FunGAP: Fungal Genome Annotation Pipeline v1.0.1

Last updated: Jan 7, 2019

FunGAP is freely available for academic use. For the commerical use or license of FunGAP, please contact In-Geol Choi (igchoi (at) korea.ac.kr). Please, cite the following reference

Reference: Byoungnam Min, Igor V Grigoriev, and In-Geol Choi, FunGAP: Fungal Genome Annotation Pipeline using evidence-based gene model evaluation (2017), Bioinformatics, Volume 33, Issue 18, Pages 2936–2937, https://doi.org/10.1093/bioinformatics/btx353

Usage of FunGAP

0. Prerequisites
1. Preparing protein database
2. Augustus species model
3. Running FunGAP
4. FunGAP output
5. Test dataset
6. After FunGAP

0. Prerequisites

To run FunGAP, users are required to prepare three main arguments

Genome assembly (FASTA)
Transcriptomic reads (FASTQ)
Protein database (FASTA)

Currently, FunGAP takes only Illumina-sequenced reads (paired-end or single-read). Paired-end read FASTQ files should have formatted file names such as XXXX_1.fastq and XXXX_2.fastq. An example would be hyphae_1.fastq and hyphae_2.fastq. For single-read, it should be like XXXX_s.fastq. Also BAM file is acceptable with --trans_bam option.

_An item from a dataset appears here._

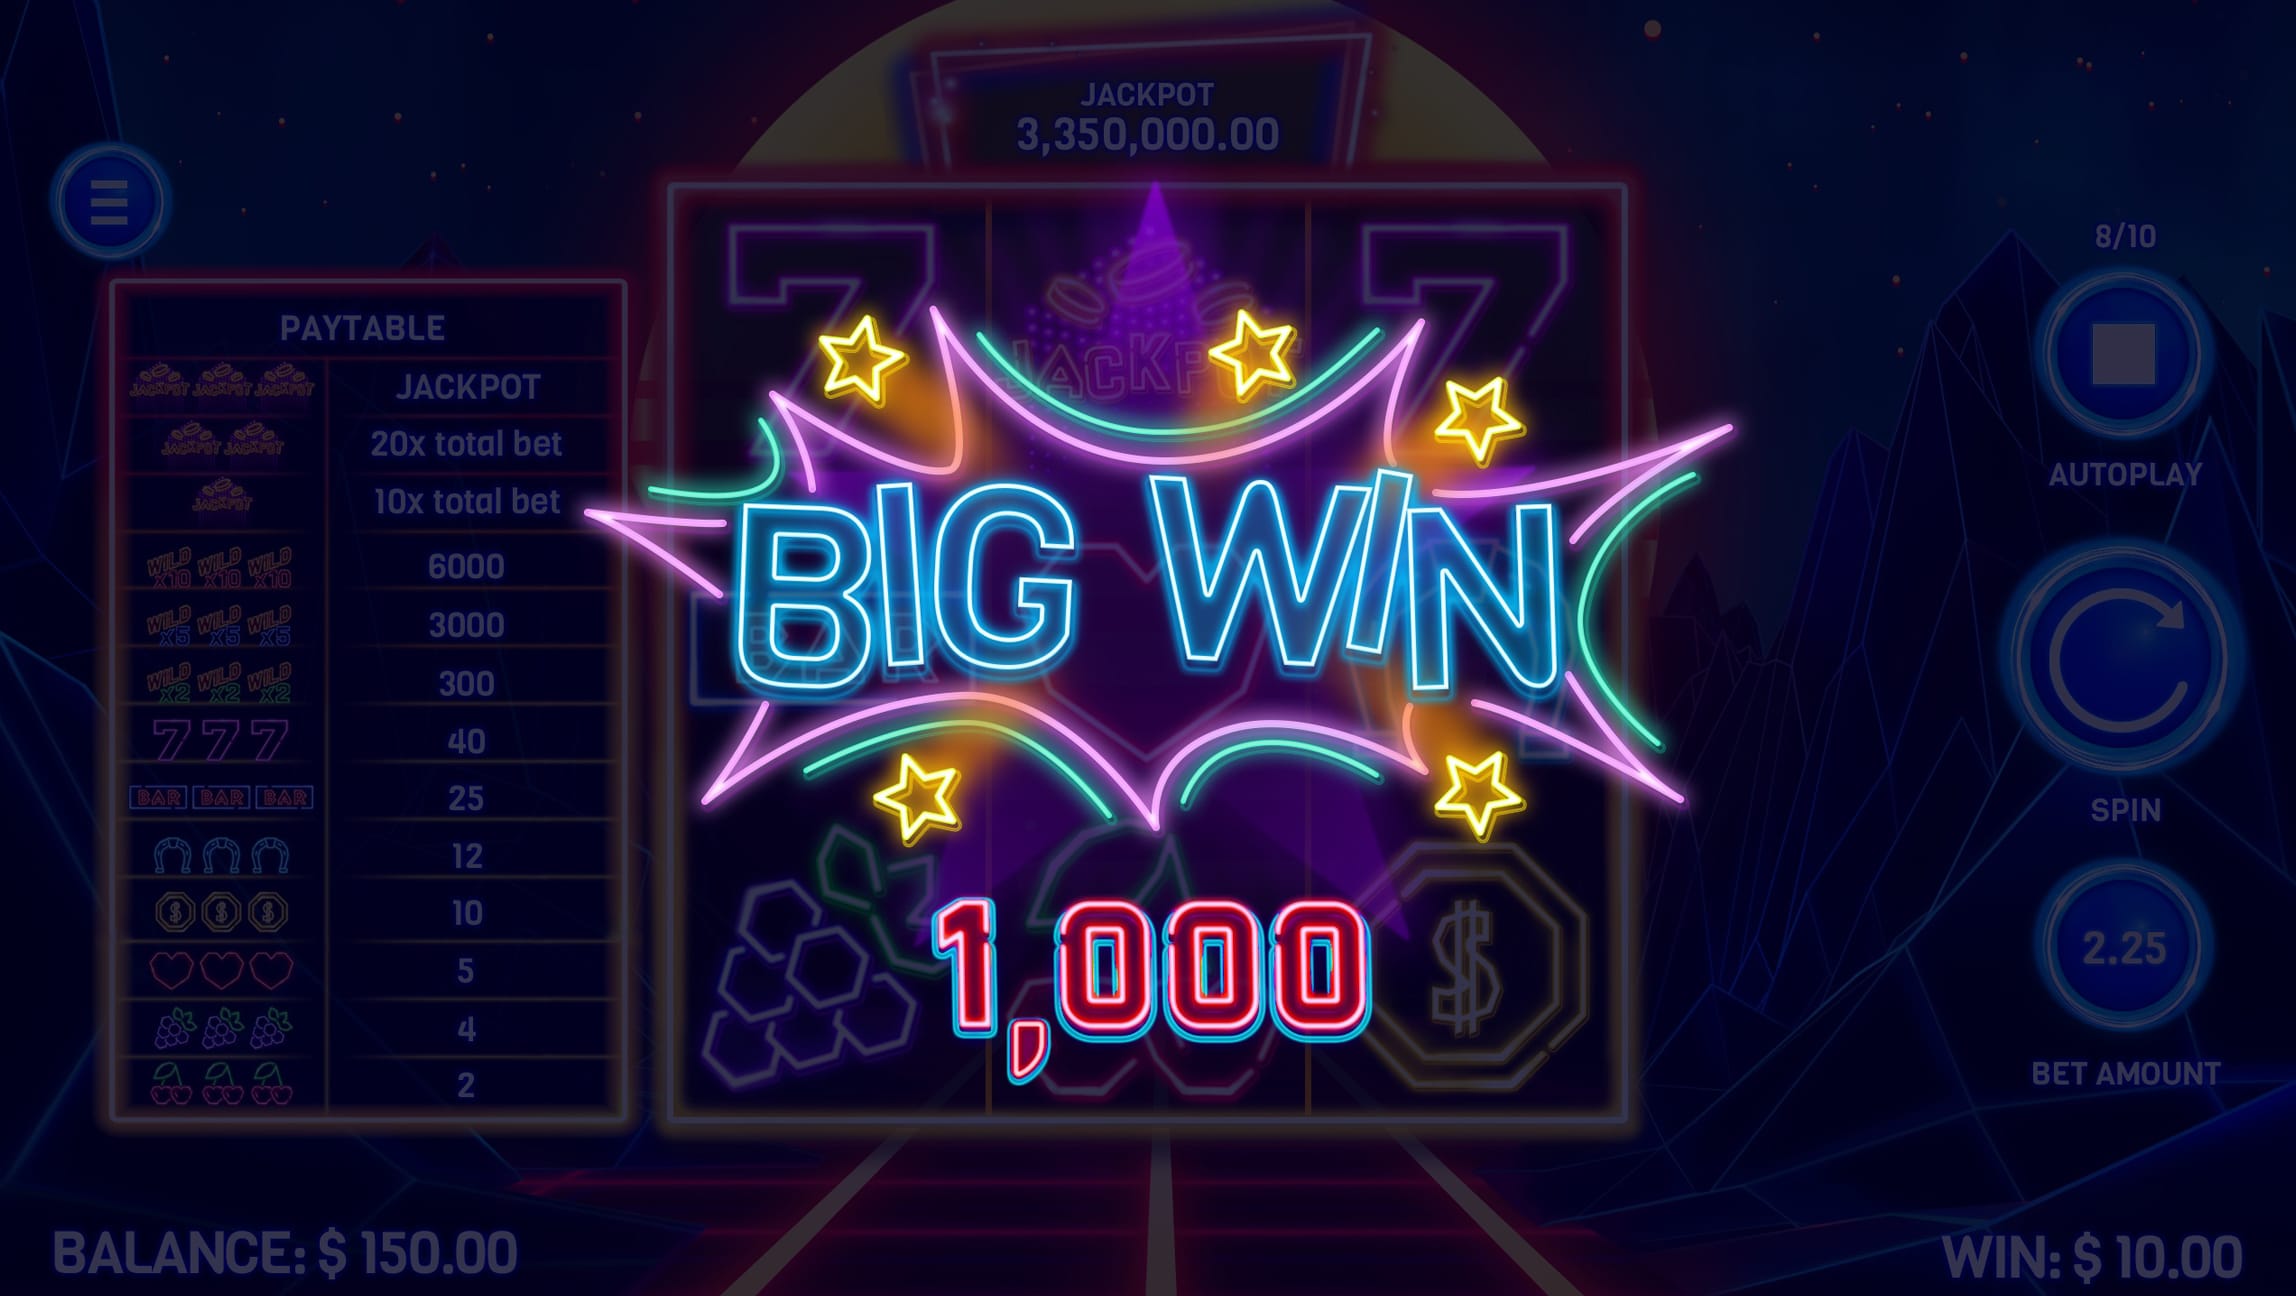 10 times vegas big win screenshot

1. Preparing protein database

FunGAP requires PROTEIN DATABASE in FASTA file. We recommend three or four relatives' proteome to reduce computing time. For convenience, we provide a script download_sister_orgs.py to build your own protein database for your genome using NCBI API.

Example command ($FUNGAP_DIR is your FunGAP installation directory):

python $FUNGAP_DIR/download_sister_orgs.py \
  --download_dir sister_orgs \
  --taxon "Schizophyllum" \
  --num_sisters 3 \
  --email_address mbnmbn00@gmail.com

E-mail address is needed for NCBI Entrez. All taxon levels are allowed for --taxon argument, but genus level is appropriate. Now make a protein database.

cd sister_orgs/
zcat ./*faa.gz > prot_db.faa

You can now input prot_db.faa in the --sister_proteome argument.

2. Augustus species model

Augustus gene predictor requires to select pre-defined species model. Run augustus --species=help to print out the model list. FunGAP provides a script get_augustus_species.py to help choose proper species model.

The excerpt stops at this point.